[Date Prev][Date Next][Thread Prev][Thread Next][Date Index][Thread Index]
[ale] lsof and a hung system
- Subject: [ale] lsof and a hung system
- From: DJPfulio at jdpfu.com (DJ-Pfulio)
- Date: Tue, 20 Oct 2015 13:09:12 -0400
- In-reply-to: <[email protected]>
- References: <[email protected]> <[email protected]> <CAEo=5Pz0OU_Pf4NcadPxXWTV0zqN+bG7JtXyTSfTcS467n0mtA@mail.gmail.com> <CADvA-d=VhZ36PnQNJSS0APfgkQWdreEuaDL+_RcRUp_T9eQGOg@mail.gmail.com> <[email protected]>
But isn't systemd supposed to solve these issues?

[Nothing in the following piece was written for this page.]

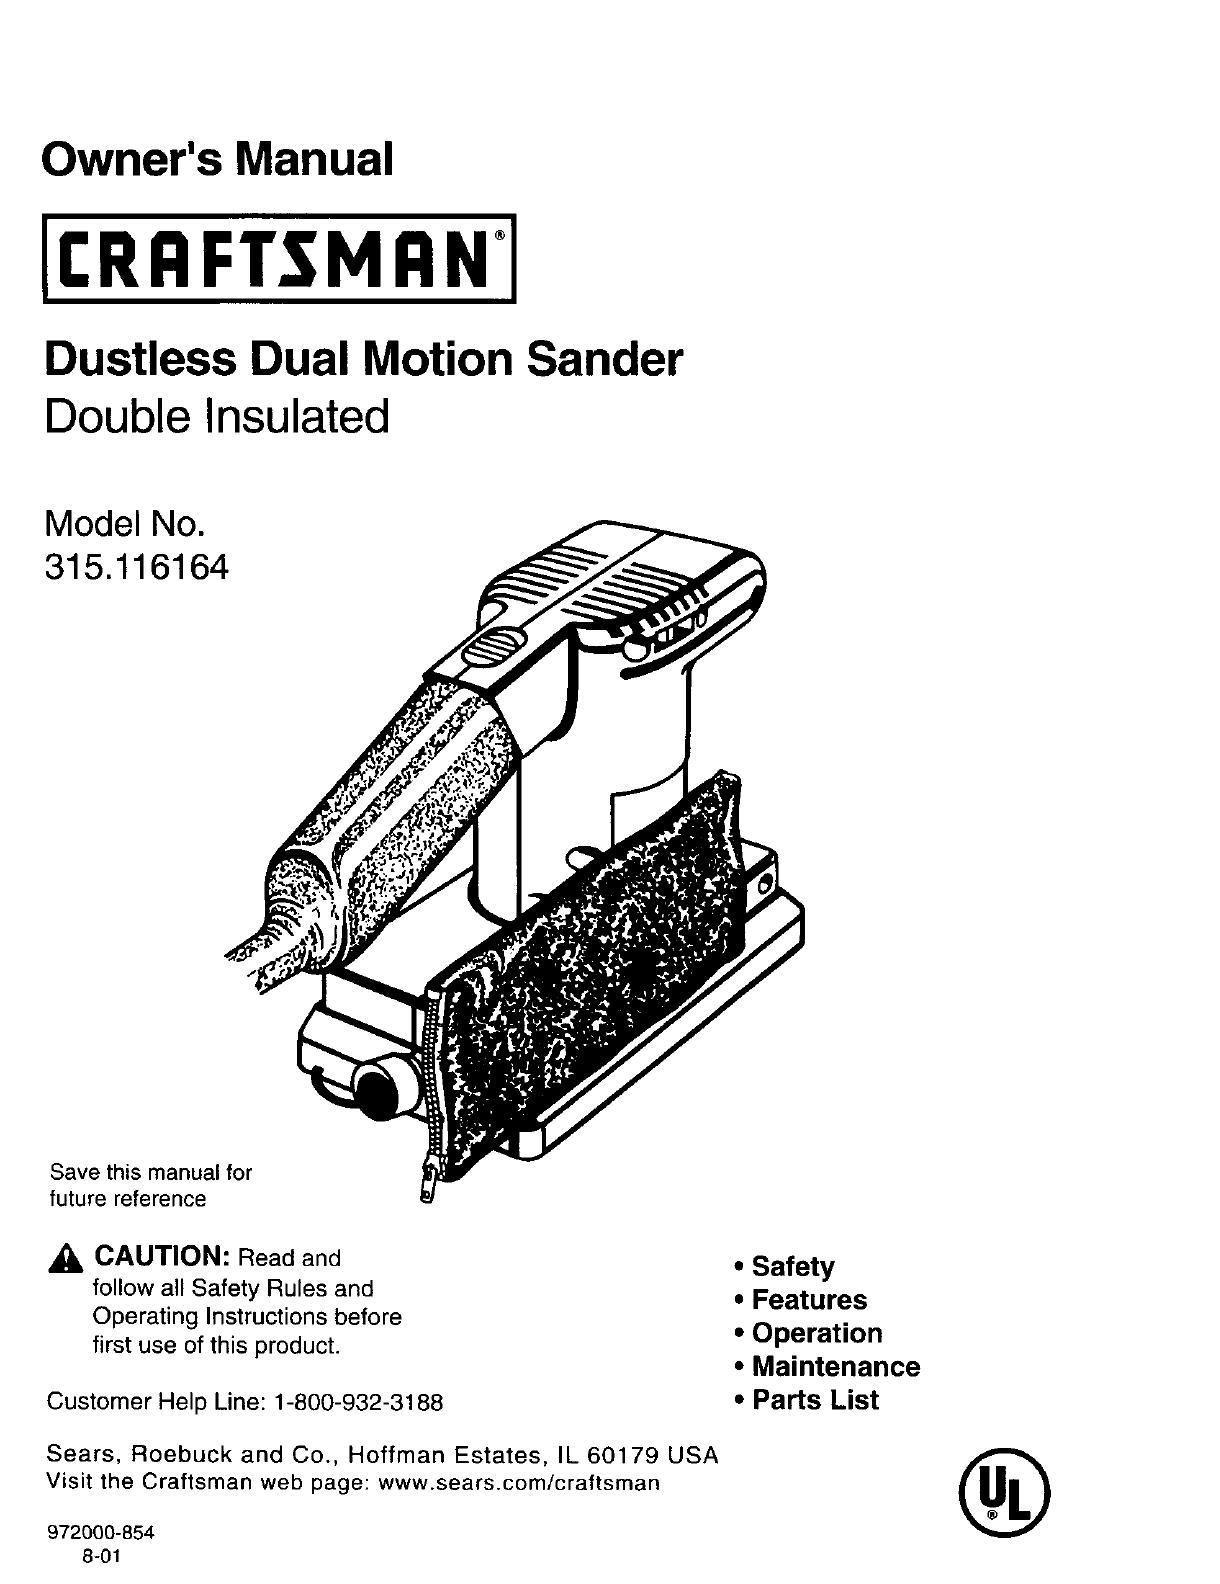 Craftsman 315116164 User Manual SANDER Manuals And Guides

BTW, I had to add a similar delay in the startup of a raspberry-pi box
that got systemd with the 4.1 kernel in a debian install.
On 10/20/2015 12:25 PM, Jim Kinney wrote:
> Yep. The 10G card driver had oopsed all over itself and wouldn't keep a
> connection up. I initially tried to stop network, unload the module,
> load the module, start the network but even that failed to reset the
> card completely. I needed to add a sleep 20 before loading the module
> again. Once the connection was actually working the system was cleanly
> rebooted to lop off the zombies and things were happily OK.
> On Tue, 2015-10-20 at 11:32 -0400, Ed Cashin wrote:
>> On Mon, Oct 19, 2015 at 10:58 PM, Jim Kinney <jim.kinney at gmail.com>
>> wrote:
>> ...
>>> Other system with same nfs mounted storage is fine. Storage server
>>> is connected to both number crunchers by dedicated, unswitched
>>> 10Gbps fiber ethernet.
>>>>
>>>
>> You mean with direct connections? In that case, the other number
>> cruncher's connection could be fine, while the affected system could
>> not be able to do networking to the NFS server (for some as yet
>> undetermined reason), which could result in the behavior you describe
>> if the NFS mount is "hard".
>